Elsevier

Pattern Recognition Letters

Volume 19, Issue 14, December 1998, Pages 1285-1291
Pattern Recognition Letters

On-line hierarchical clustering

https://doi.org/10.1016/S0167-8655(98)00104-4Get rights and content

Abstract

Most of the techniques used in the literature for hierarchical clustering are based on off-line operation. The main contribution of this paper is to propose a new algorithm for on-line hierarchical clustering by finding the nearest k objects to each introduced object so far and these nearest k objects are continuously updated by the arrival of a new object. By final object, we have the objects and their nearest k objects which are sorted to produce the hierarchical dendogram. The results of the application of the new algorithm on real and synthetic data and also using simulation experiments, show that the new technique is quite efficient and, in many respects, superior to traditional off-line hierarchical methods.

Introduction

The objective of cluster analysis is to group a set of objects into clusters such that objects within the same cluster have a high degree of similarity, while objects belonging to different clusters have a high degree of dissimilarity.

The clustering of data set into subsets can be divided into hierarchical and non hierarchical or partitioning methods. The general rationale behind partitioning methods is to choose some initial partitioning of the data set and then alter cluster memberships so as to obtain better partitions according to a predefined objective function.

Hierarchical clustering procedures can be divided into agglomerative methods, which progressively merge the objects according to some distance measure in such a way that whenever two objects belong to the same cluster at some level, they remain together at all higher levels, and divisive methods, which progressively subdivide the data set (Gowda and Krishna, 1978).

Objects to be clustered usually come from an experimental study of some phenomenon and are described by a specific set of features selected by the data analyst. The feature values may be measured on different scale and these can be: Continuous numeric, Symbolic, or Structured.

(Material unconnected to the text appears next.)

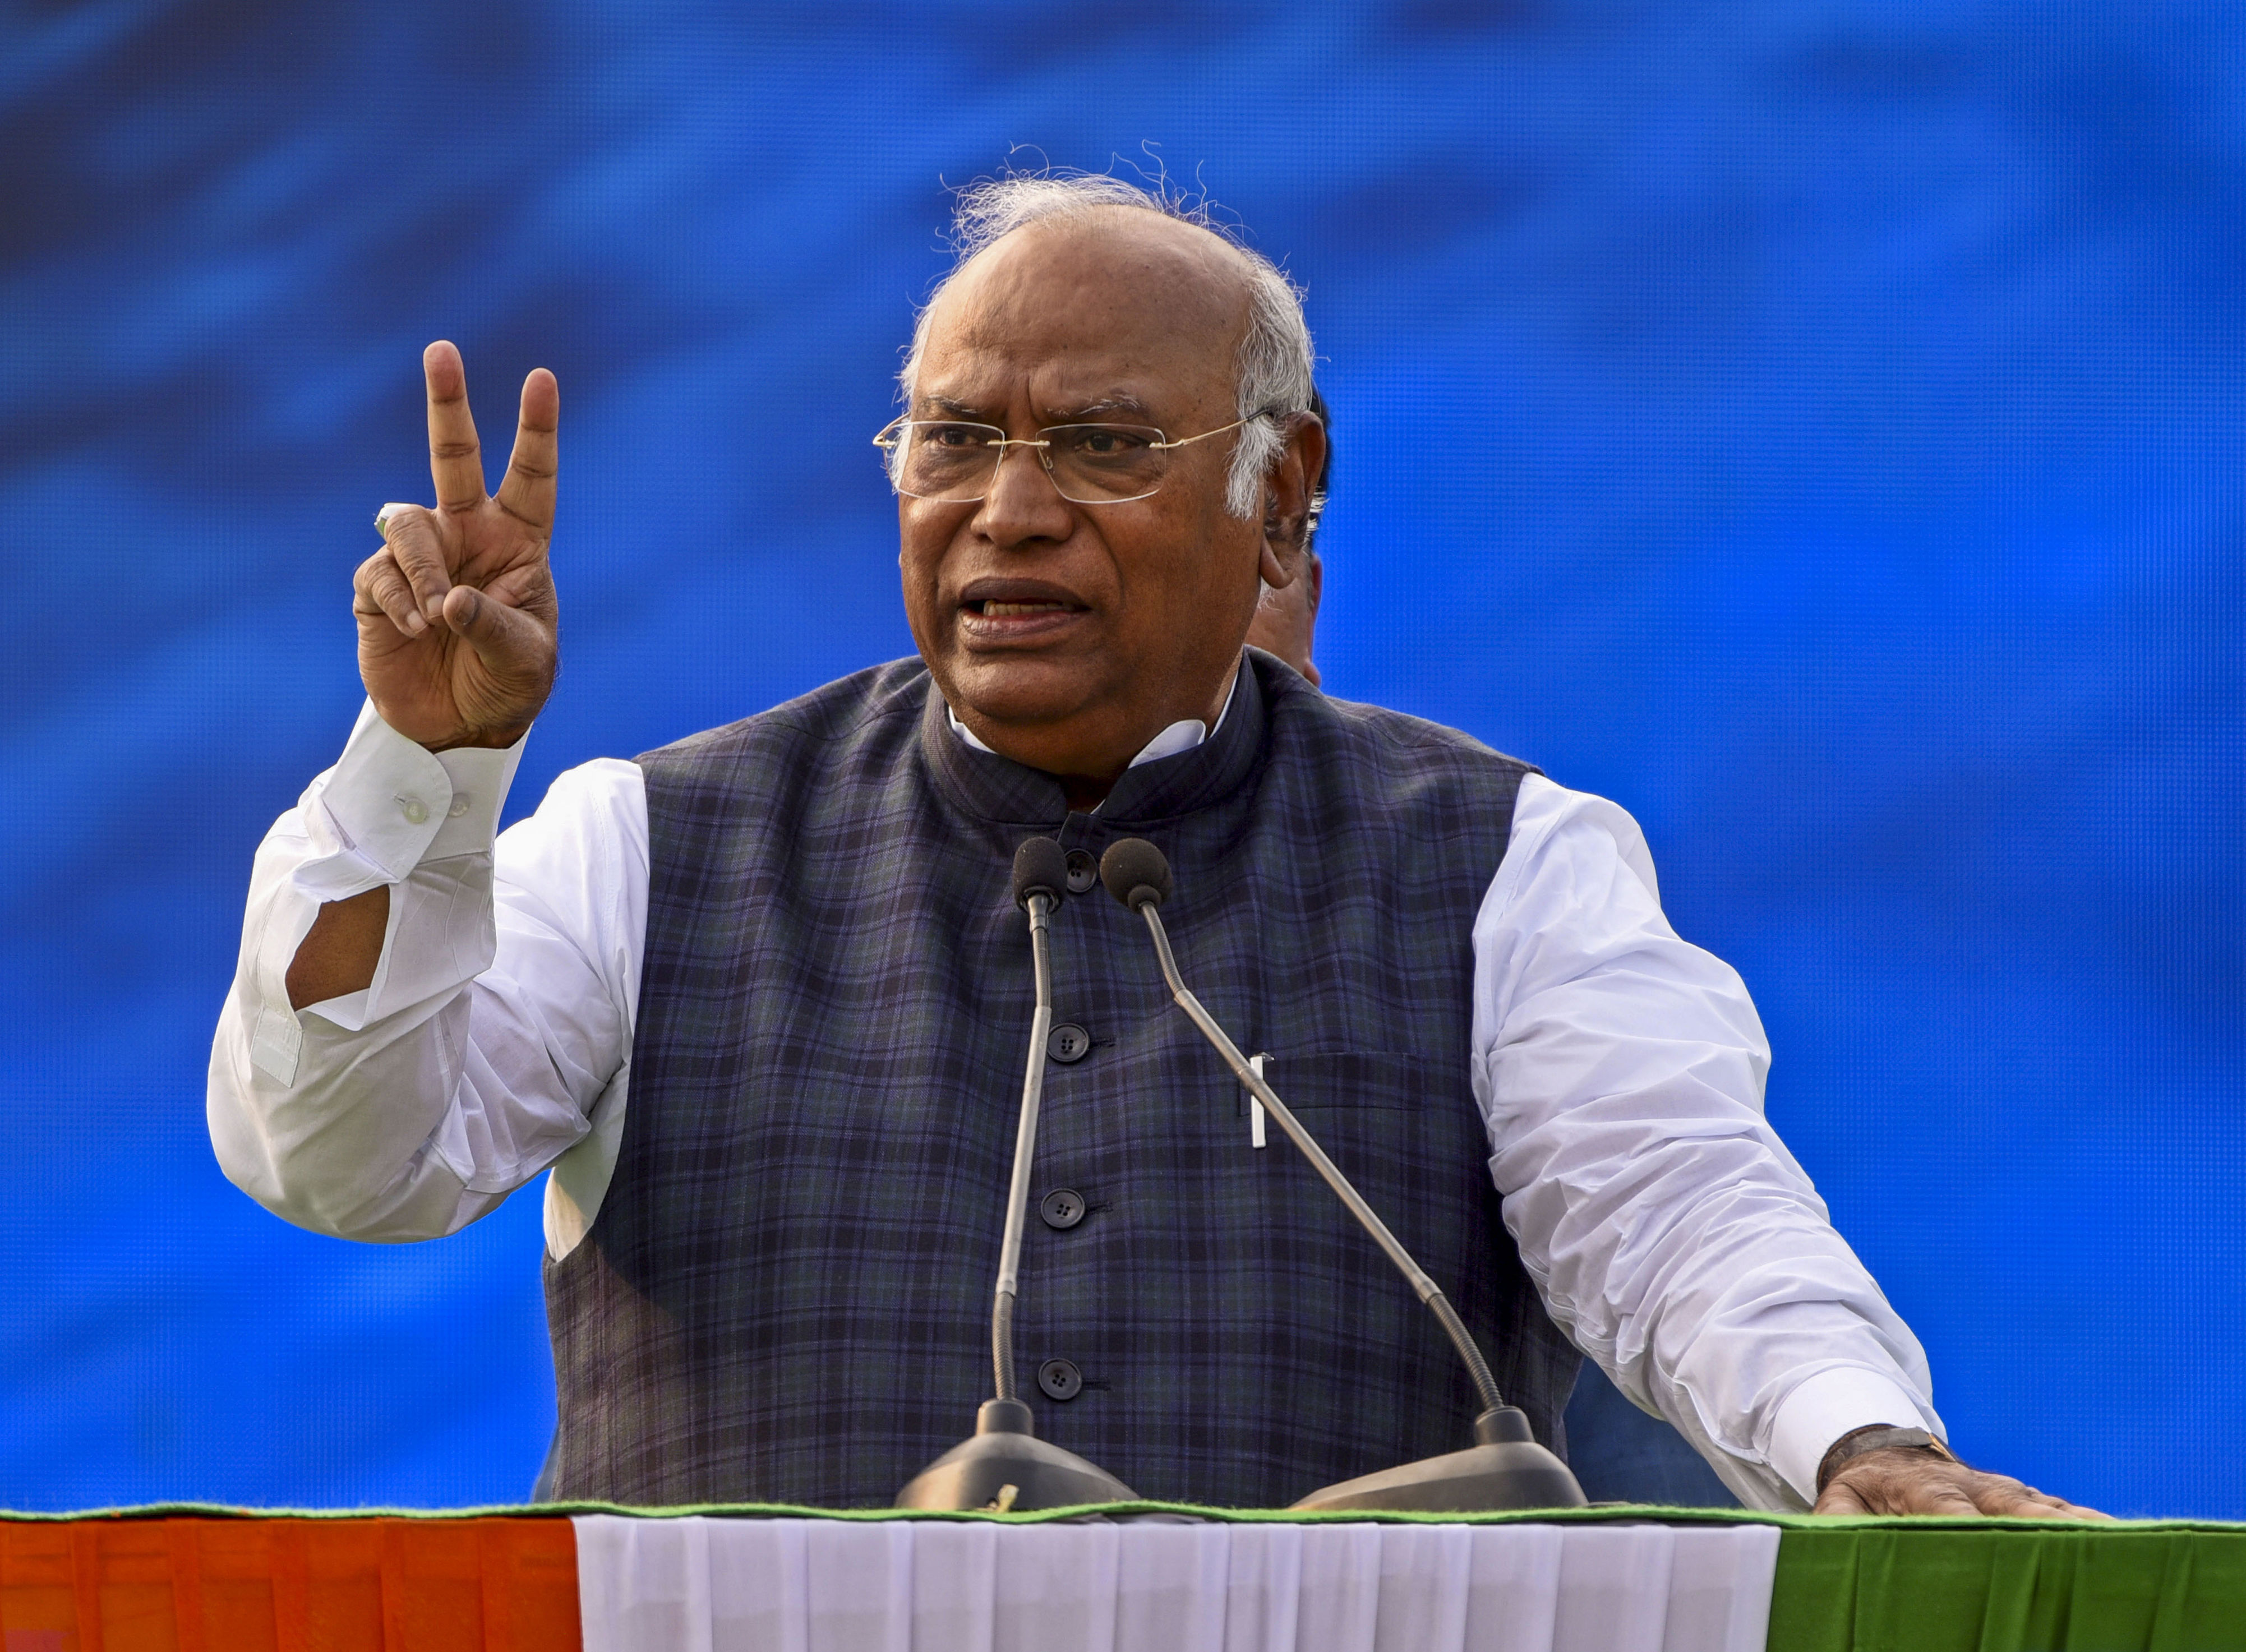 people's stomach can't be filled by showing god's picture, says cong prez kharge
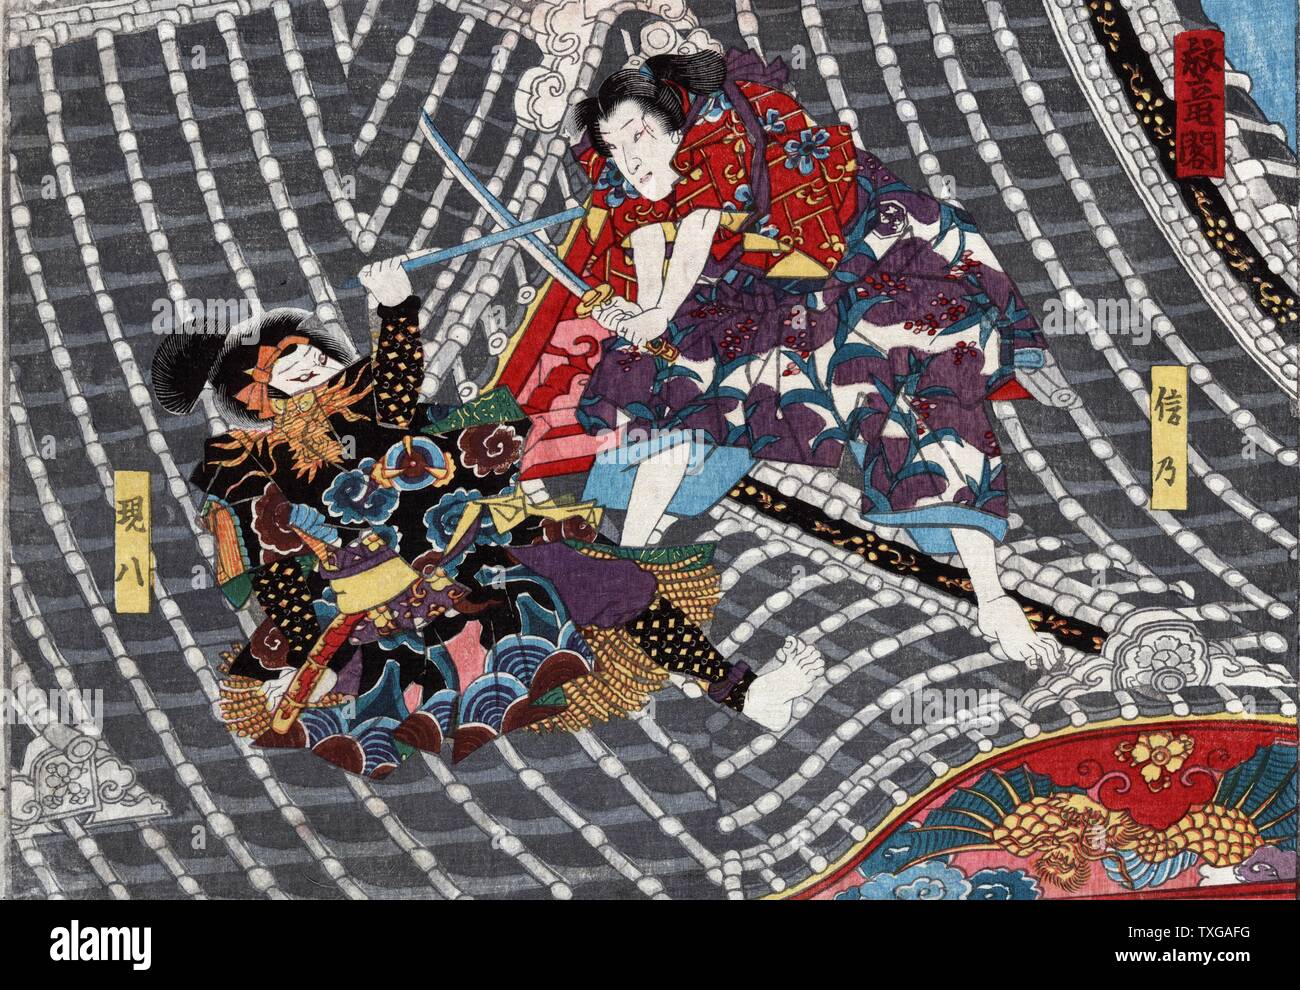 Horyu Tower. Print shows two men fighting with swords on the roof of a tower. Stock Photo

Continuous numeric data are well known as a classical data type and many algorithms for clustering this type of data using partitioning or hierarchical techniques can be found in the literature (Jain and Dubes, 1988). Symbolic objects are extension of classical data types. In conventional data sets, the objects are individualized, whereas in symbolic objects, they are more unified by means of relationship. Based on the complexity, the symbolic objects can be of Assertion, Hoard or Synthetic type (Gowda and Ravi, 1995). Some references to clustering of symbolic objects can be found in Diday, 1988; Gowda and Diday, 1991; Gowda and Diday, 1992; Gowda and Ravi, 1995; Fisher, 1987; Cheng and Fu, 1985; Michalski and Stepp, 1983; Ichino, 1988; Gennari et al., 1989; Ralambondrainy, 1995using different methodologies like hierarchical clustering (Gowda and Diday, 1991; Gowda and Diday, 1992; Gowda and Ravi, 1995; Michalski and Stepp, 1983; Ichino, 1988), incremental clustering (Gennari et al., 1989), partitioning clustering (Ralambondrainy, 1995), and recently, fuzzy clustering (El-Sonbaty and Ismail, 1998). In the literature, the researches dealing with symbolic objects are less than those for numerical objects and this is due to the nature of such objects which is simple in construction but hard in processing. Besides, the values taken by the features of symbolic objects may include one or more elementary objects and, the data set may have a variable number of features (Gowda and Diday, 1991). Structured objects have higher complexity than continuous and symbolic objects because of their structure which is much more complex and their representation which needs higher data structures to permit the description of relations between elementary object components and facilitate hierarchical object models that describe how an object is built up from the primitives. A survey of different representations and proximity measures of structured objects can be found in El-Sonbaty et al., submitted.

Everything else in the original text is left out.